SimCert: Probabilistic Certification for Behavioral Similarity in Deep Neural Network Compression
This addresses the challenge of verifying compressed models in safety-critical embedded systems, representing an incremental improvement over existing methods.
The paper tackles the problem of ensuring behavioral fidelity in compressed deep neural networks for safety-critical systems, proposing SimCert, a probabilistic certification framework that provides quantitative safety guarantees and outperforms state-of-the-art baselines on benchmarks like ACAS Xu and computer vision tasks.

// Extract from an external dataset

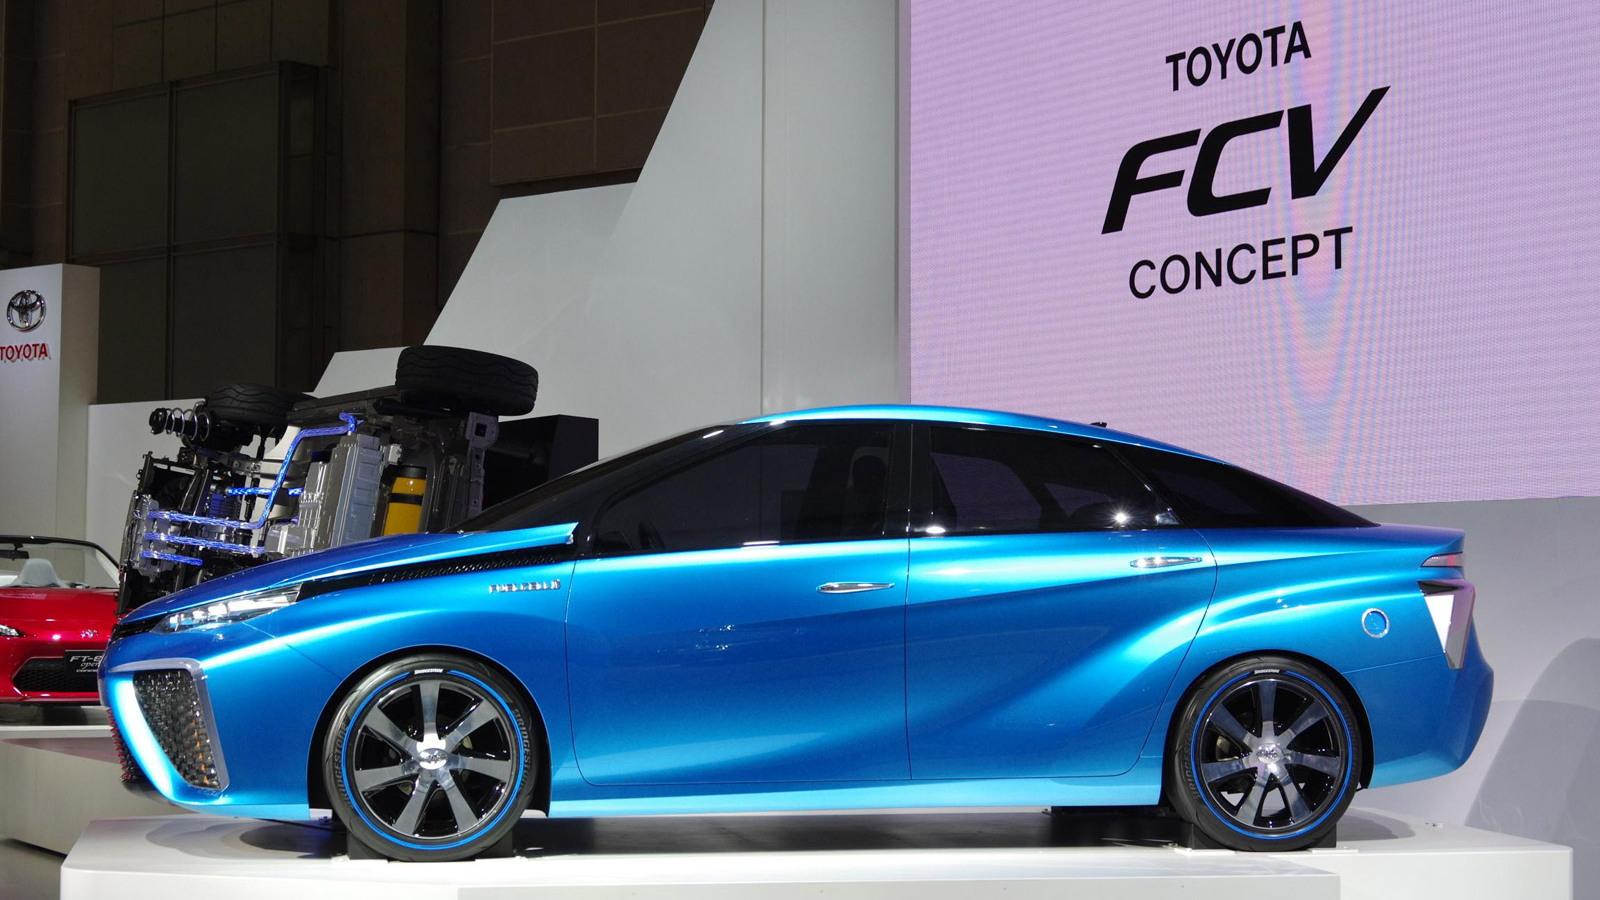 Toyota FCV concept, 2013 Tokyo Motor Show

Deploying Deep Neural Networks (DNNs) on resource-constrained embedded systems requires aggressive model compression techniques like quantization and pruning. However, ensuring that the compressed model preserves the behavioral fidelity of the original design is a critical challenge in the safety-critical system design flow. Existing verification methods often lack scalability or fail to handle the architectural heterogeneity introduced by pruning. In this work, we propose SimCert, a probabilistic certification framework for verifying the behavioral similarity of compressed neural networks. Unlike worst-case analysis, SimCert provides quantitative safety guarantees with adjustable confidence levels. Our framework features: (1) A dual-network symbolic propagation method supporting both quantization and pruning; (2) A variance-aware bounding technique using Bernstein's inequality to tighten safety certificates; and (3) An automated verification toolchain. Experimental results on ACAS Xu and computer vision benchmarks demonstrate that SimCert outperforms state-of-the-art baselines.